→ What is required:
If pictures are present, leave them out, and copy the data word for word.

→ Raw data:

::::::::

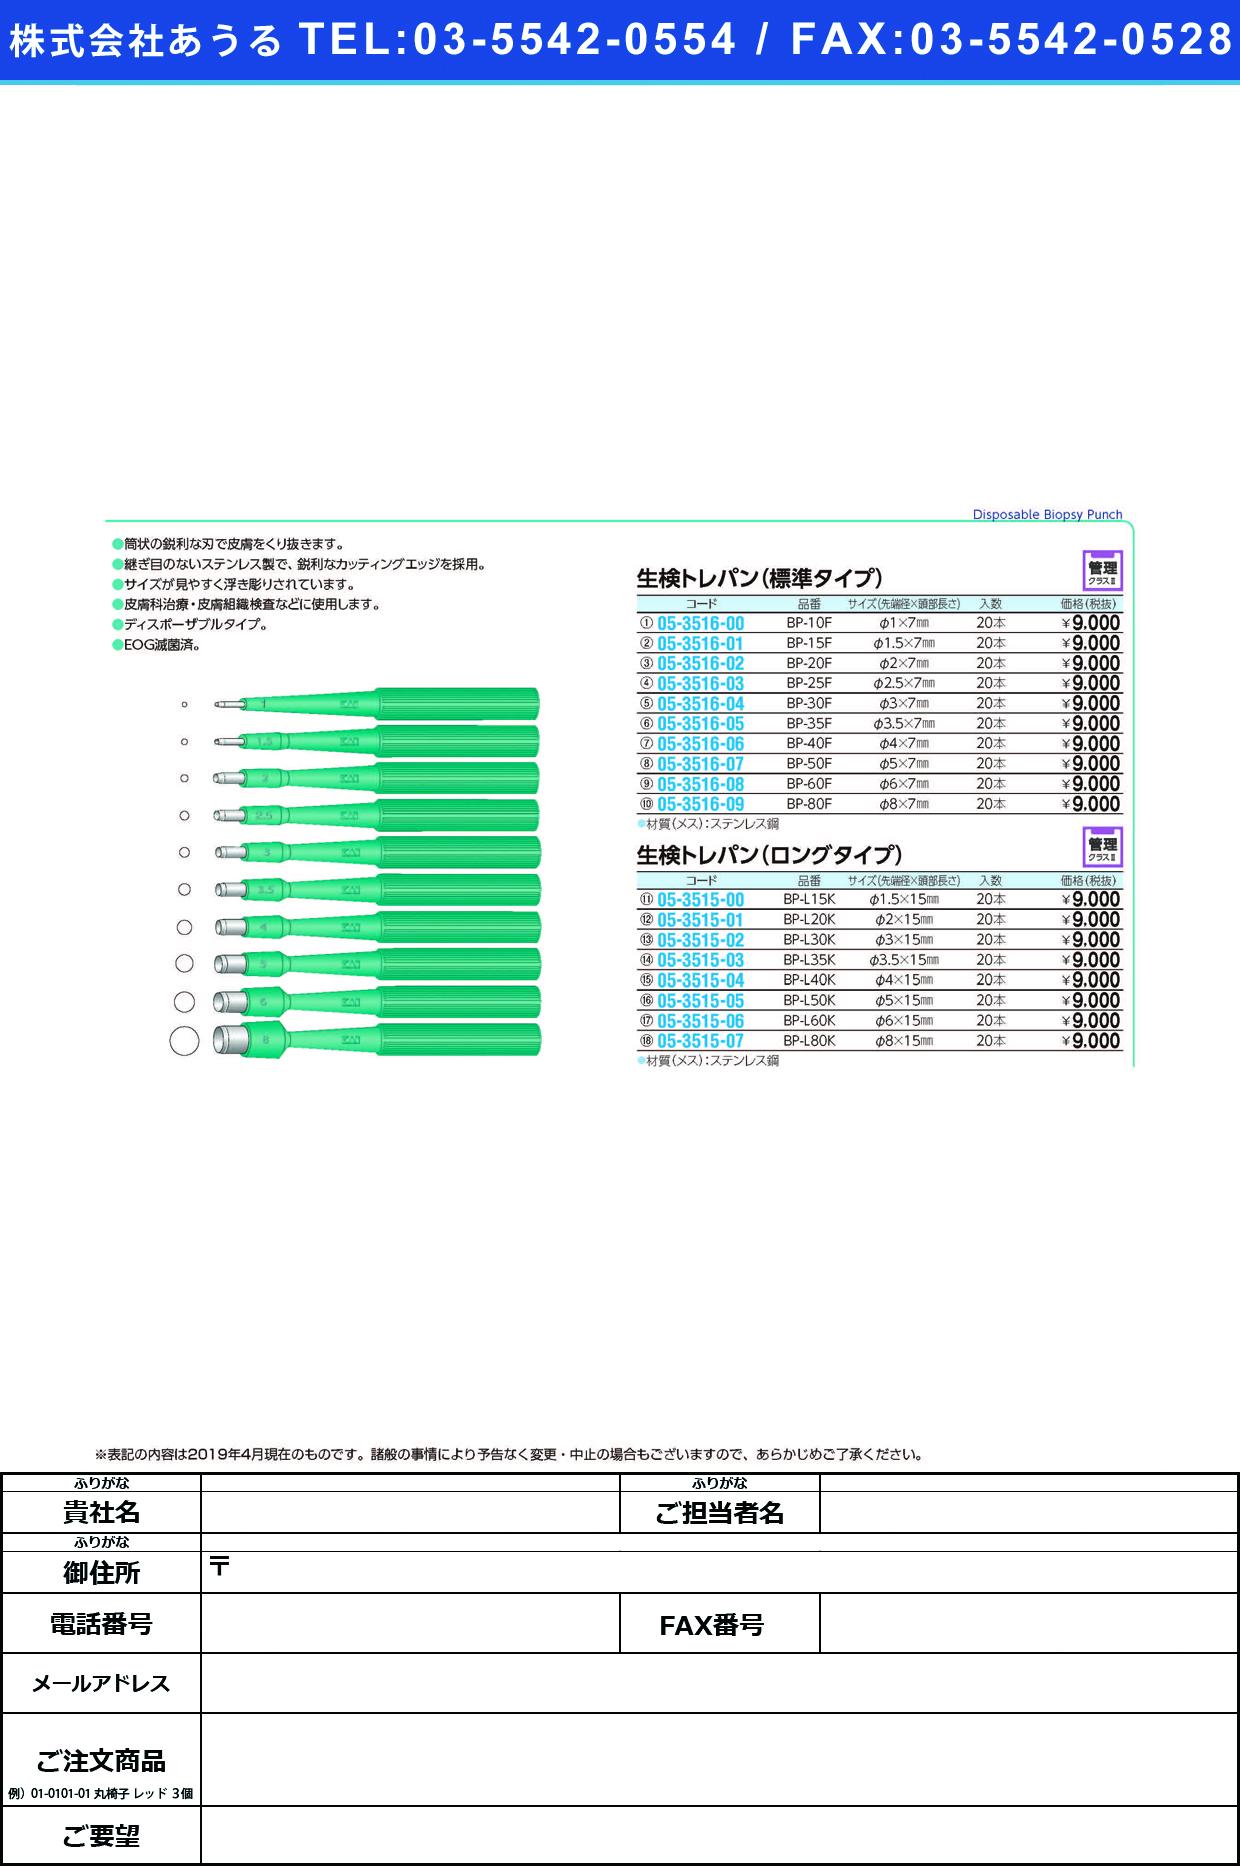 (05-3515-00)KAI生検トレパン(ロングタイプ) BP-L15K(1.5MM)20ホンイリ セイケントレパン(ロングタイプ)(カイインダストリーズ)【1箱単位】【2019年カタログ商品】
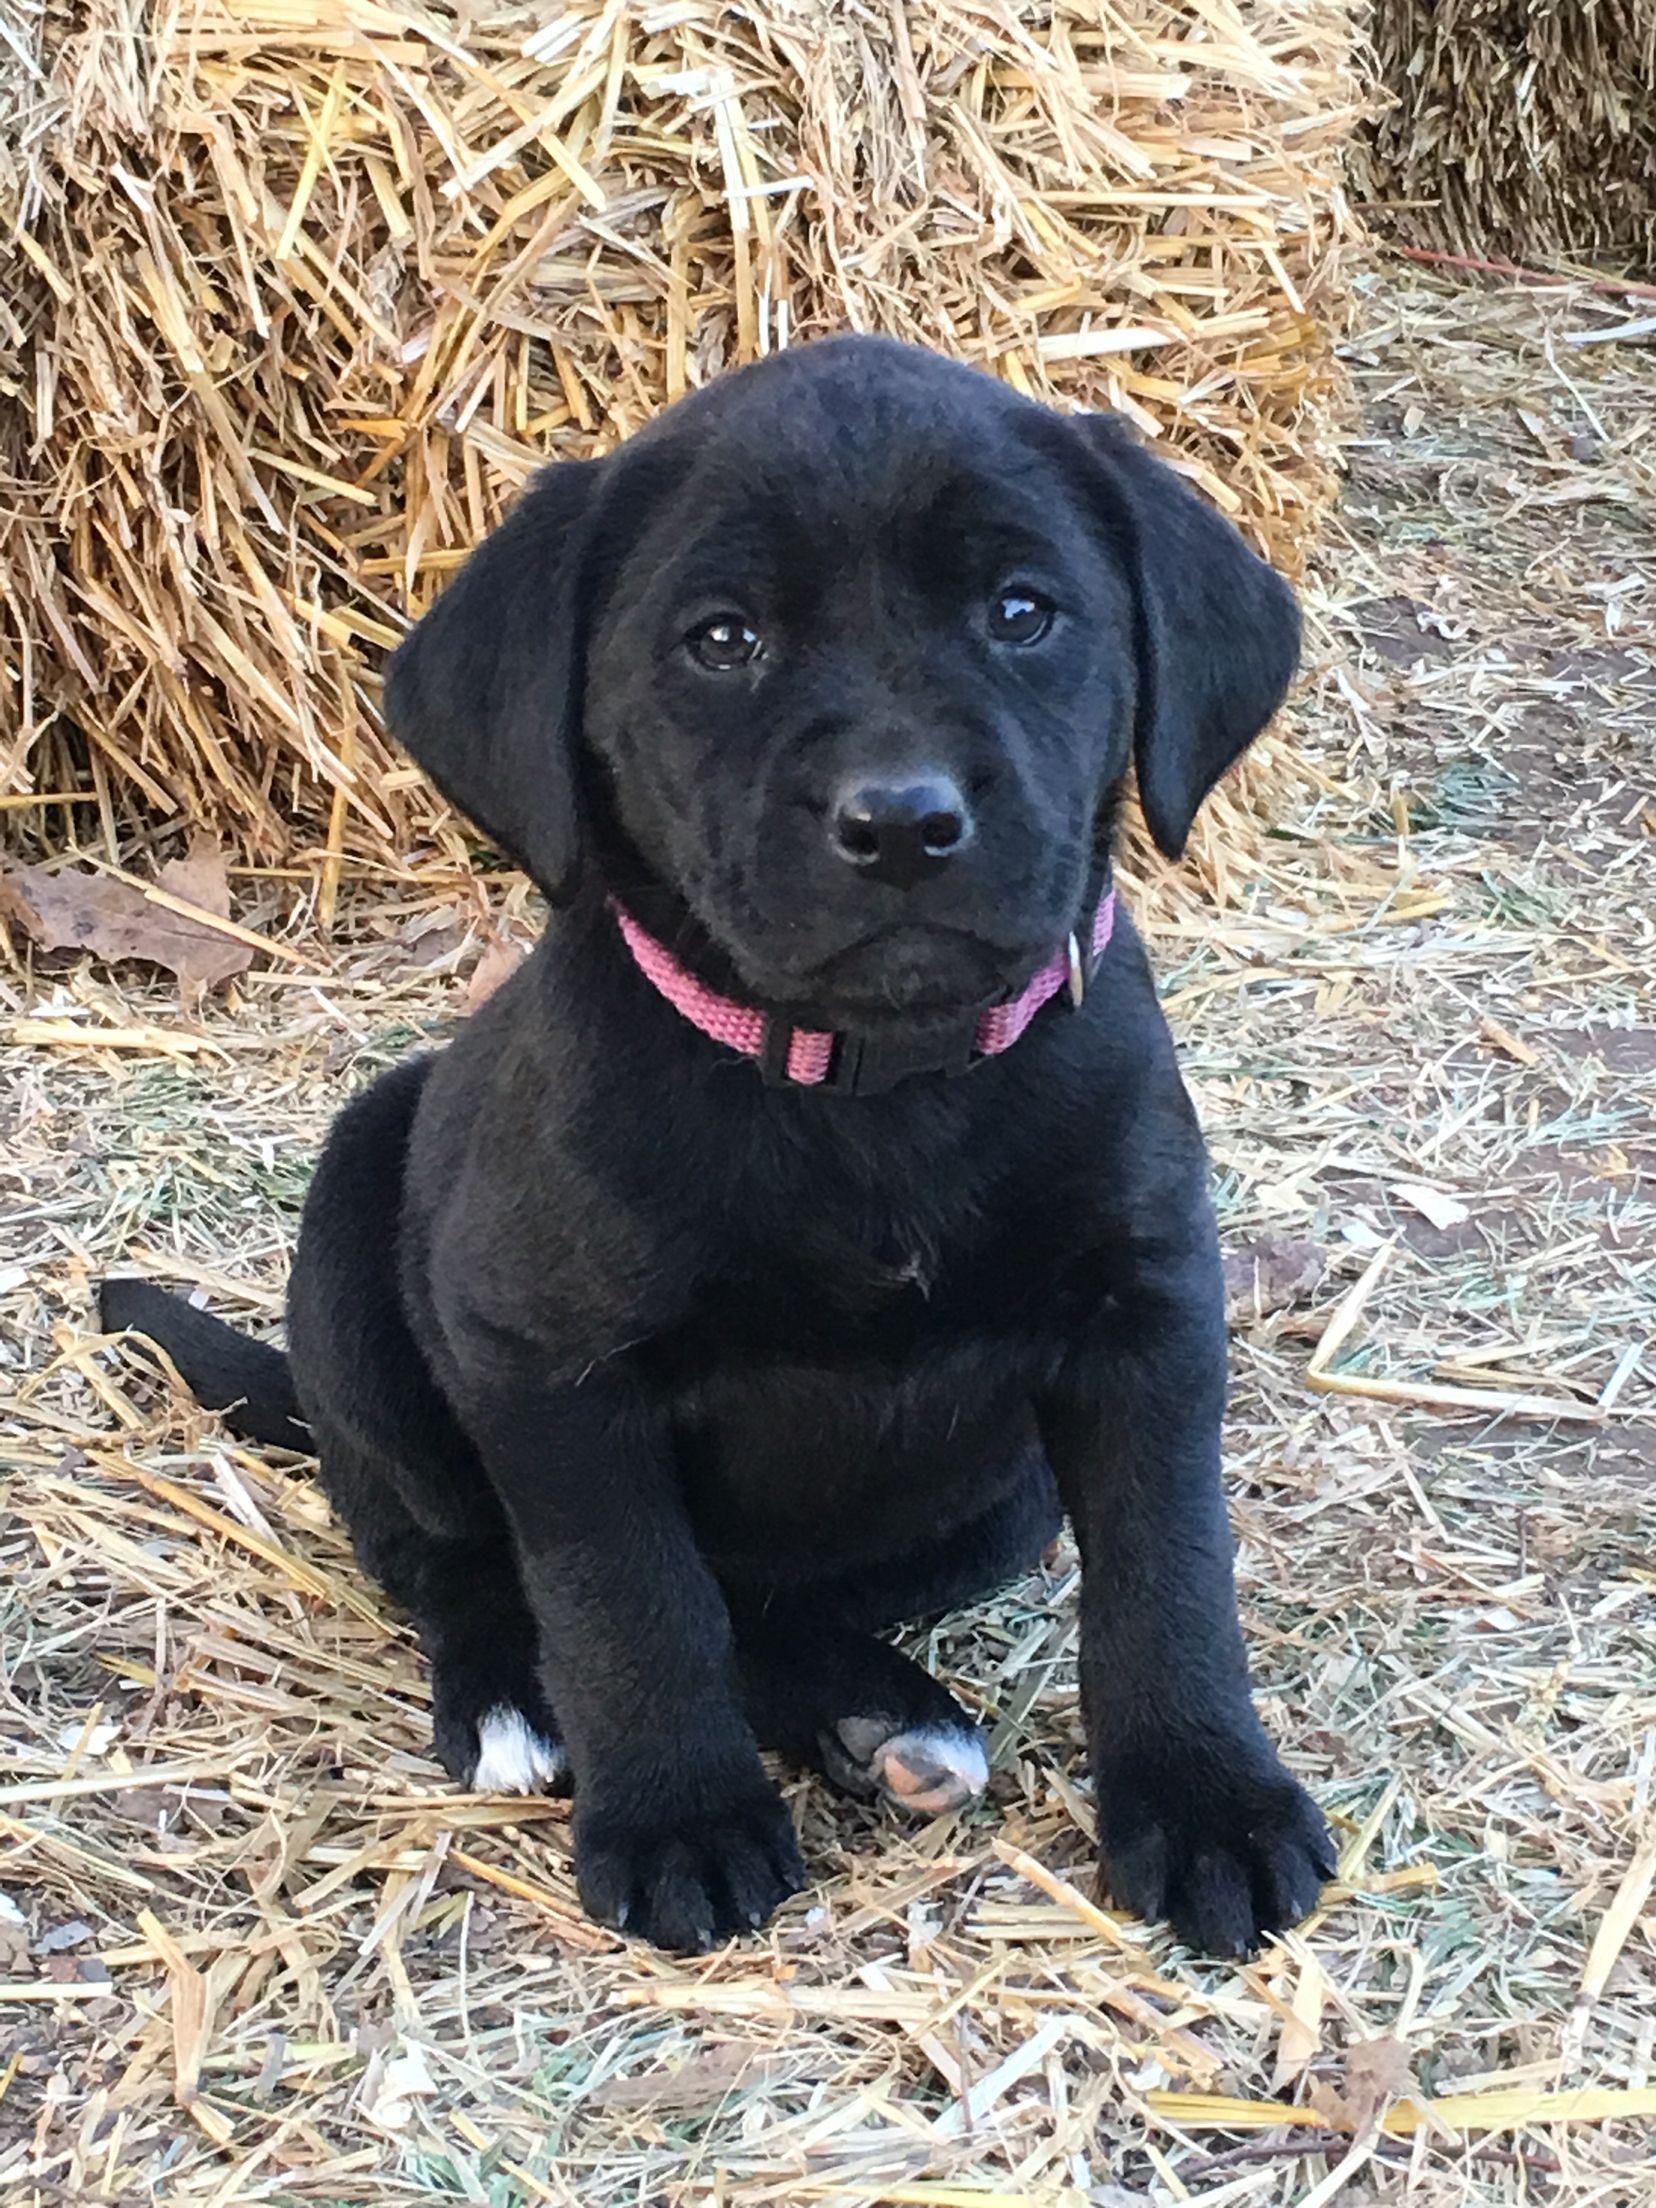 Black labrador retriever from windy hill labradors in
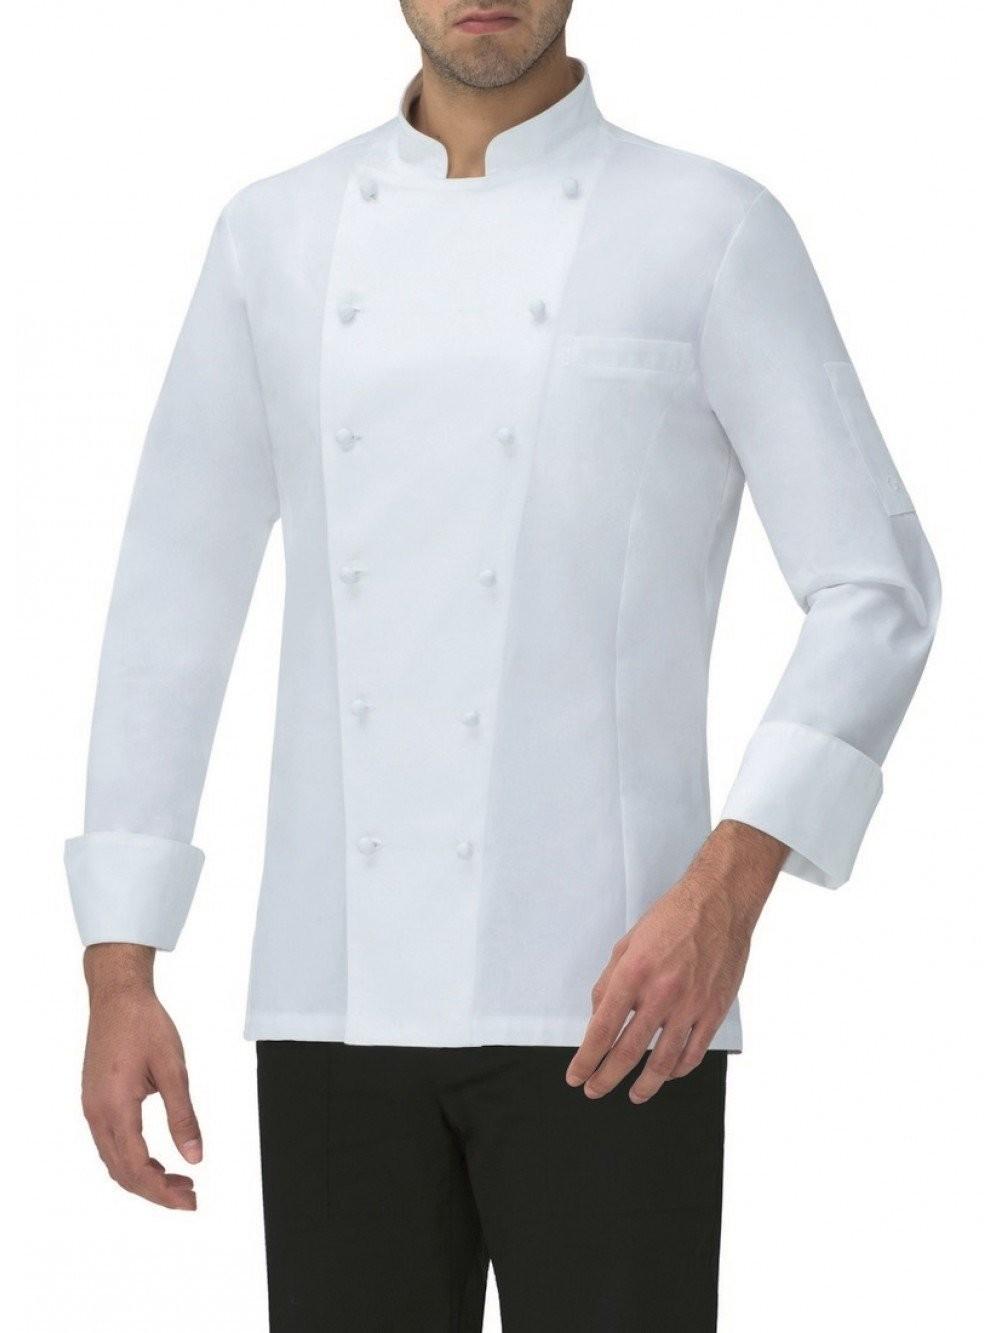 Giacca Cuoco Executive Chef Giblor S Bianca

::::::::

→ Solution:
 (05-3515-00)KAI生検トレパン(ロングタイプ) BP-L15K(1.5MM)20ホンイリ セイケントレパン(ロングタイプ)(カイインダストリーズ)【1箱単位】【2019年カタログ商品】
 Black labrador retriever from windy hill labradors in
 Giacca Cuoco Executive Chef Giblor S Bianca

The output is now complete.